The findings of reviewed simulation studies are encouraging, indicating that analysed compounds have potent inhibitory effects on specific receptors in DM treatment. These compounds might also be employed in in vitro and in vivo investigations or in future in silico studies as “lead-like” structures. Databases of natural compounds with anti-diabetic activity (ADNCD and DiaNat-DB) and Dia-DB webserver (predicts the possibility of a molecule used as an anti-diabetic drug) are helpful tools that may be used to find new anti-diabetic medicines or natural compounds.

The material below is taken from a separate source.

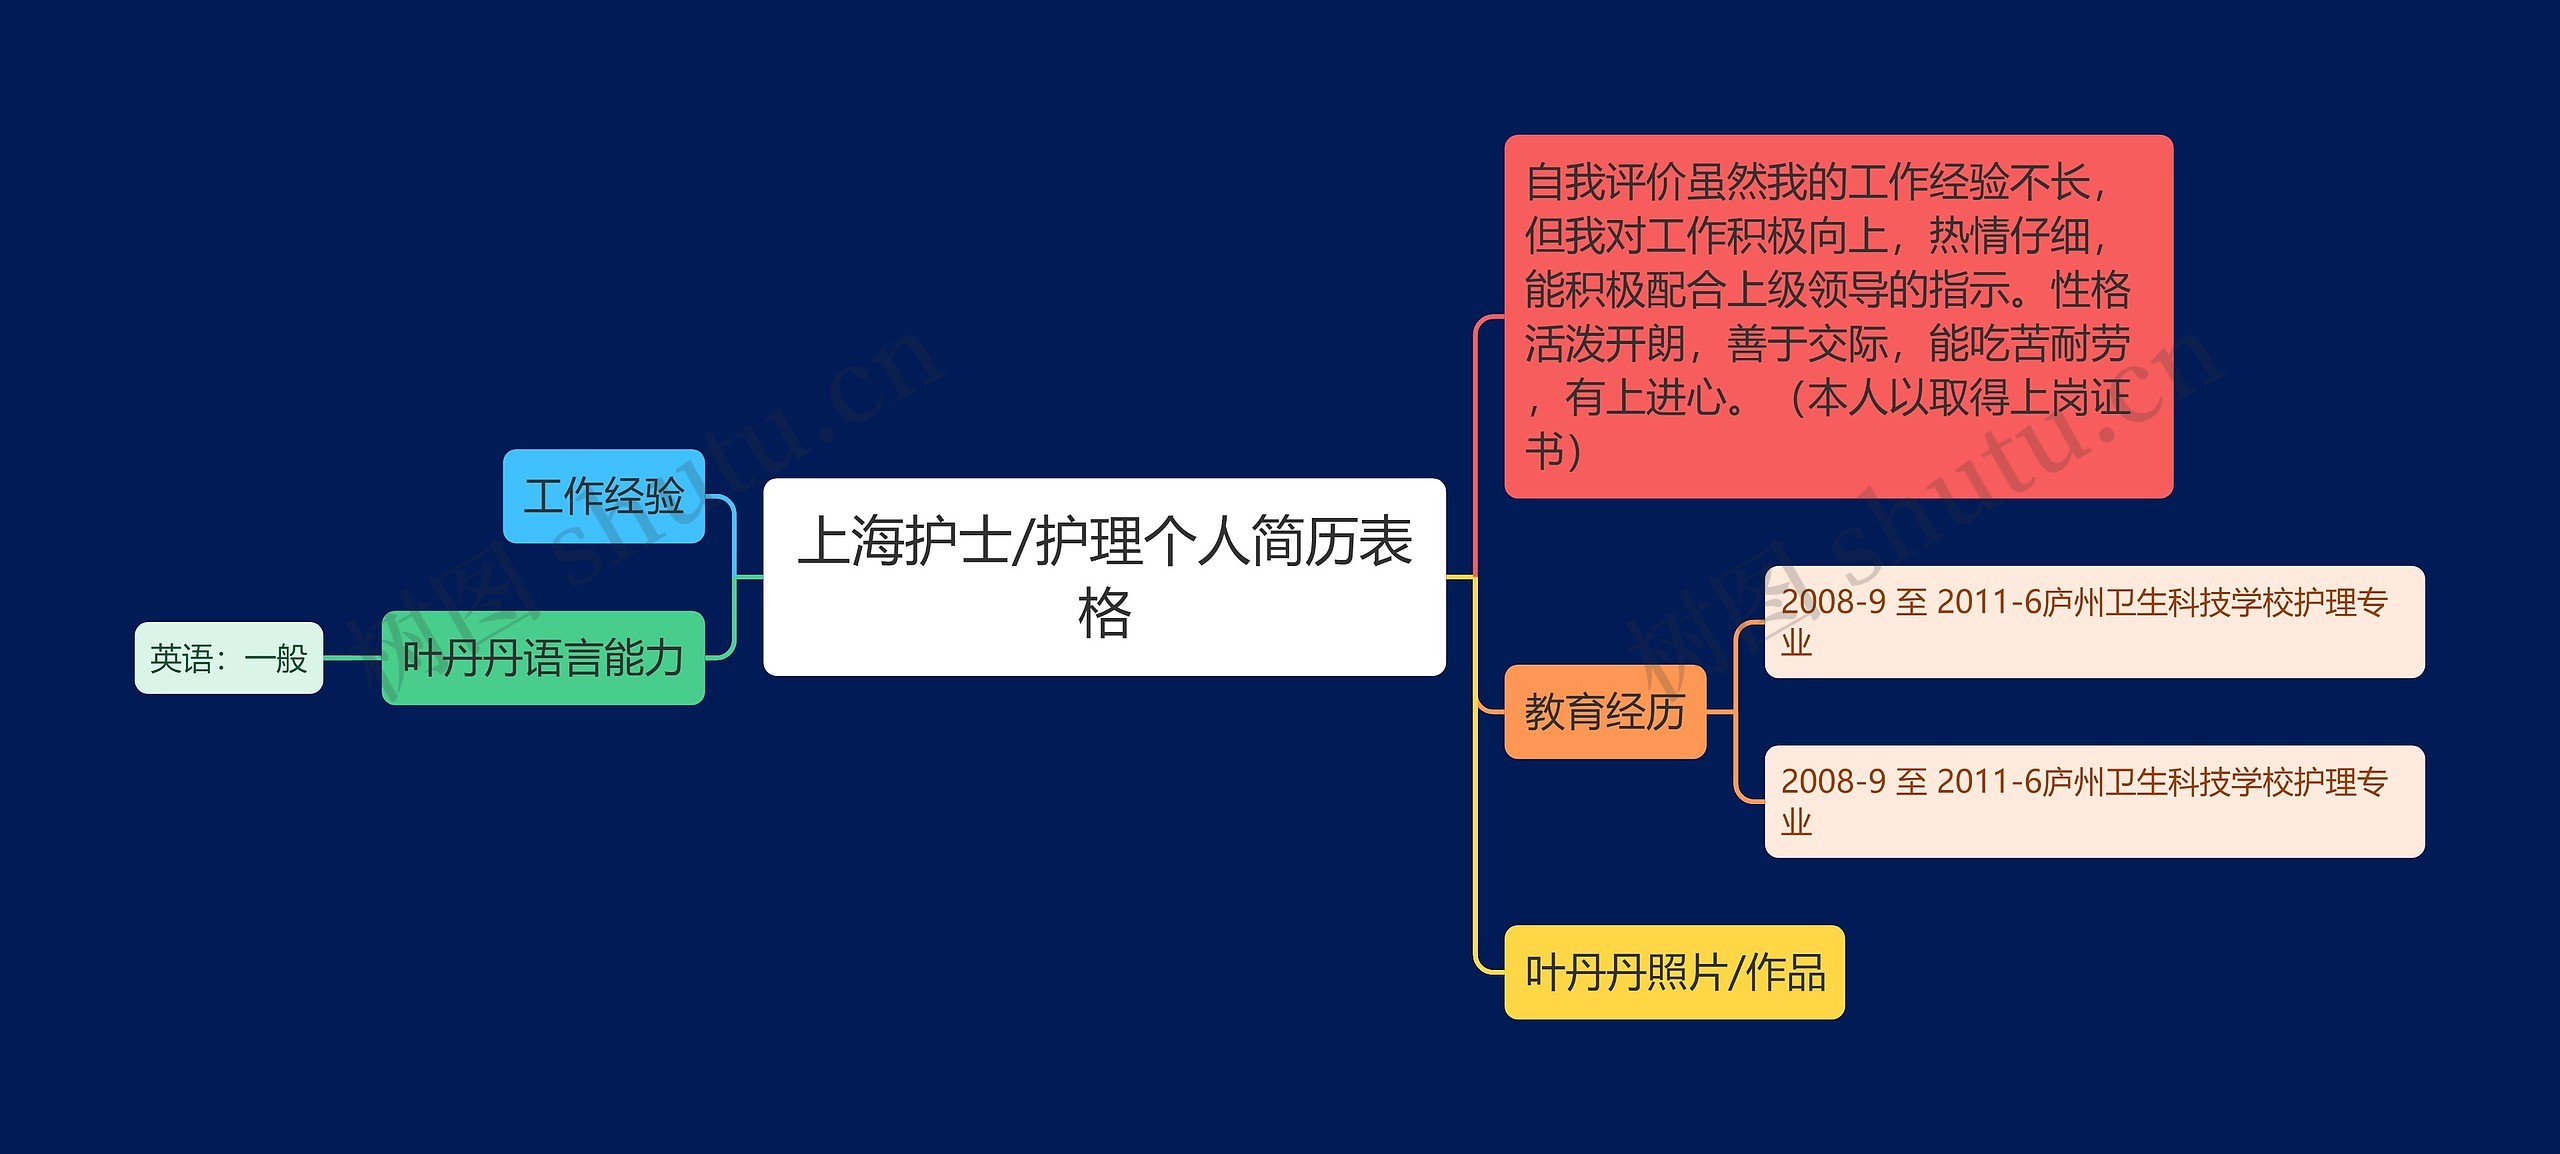 上海护士/护理个人简历表格思维导图

To summarize, natural substances may be a viable choice for T2DM management, as a therapy adjuvant, or to prevent diabetes-related dysfunctions; however, more studies are needed. Although insulin therapy is required for T1DM, natural or synthetic compounds such as propofol, APX3330, coumarin, quercetin, kaempferol, berberine, and others show promise in treating BBB damage caused by glucose swings, and therefore, should be investigated further.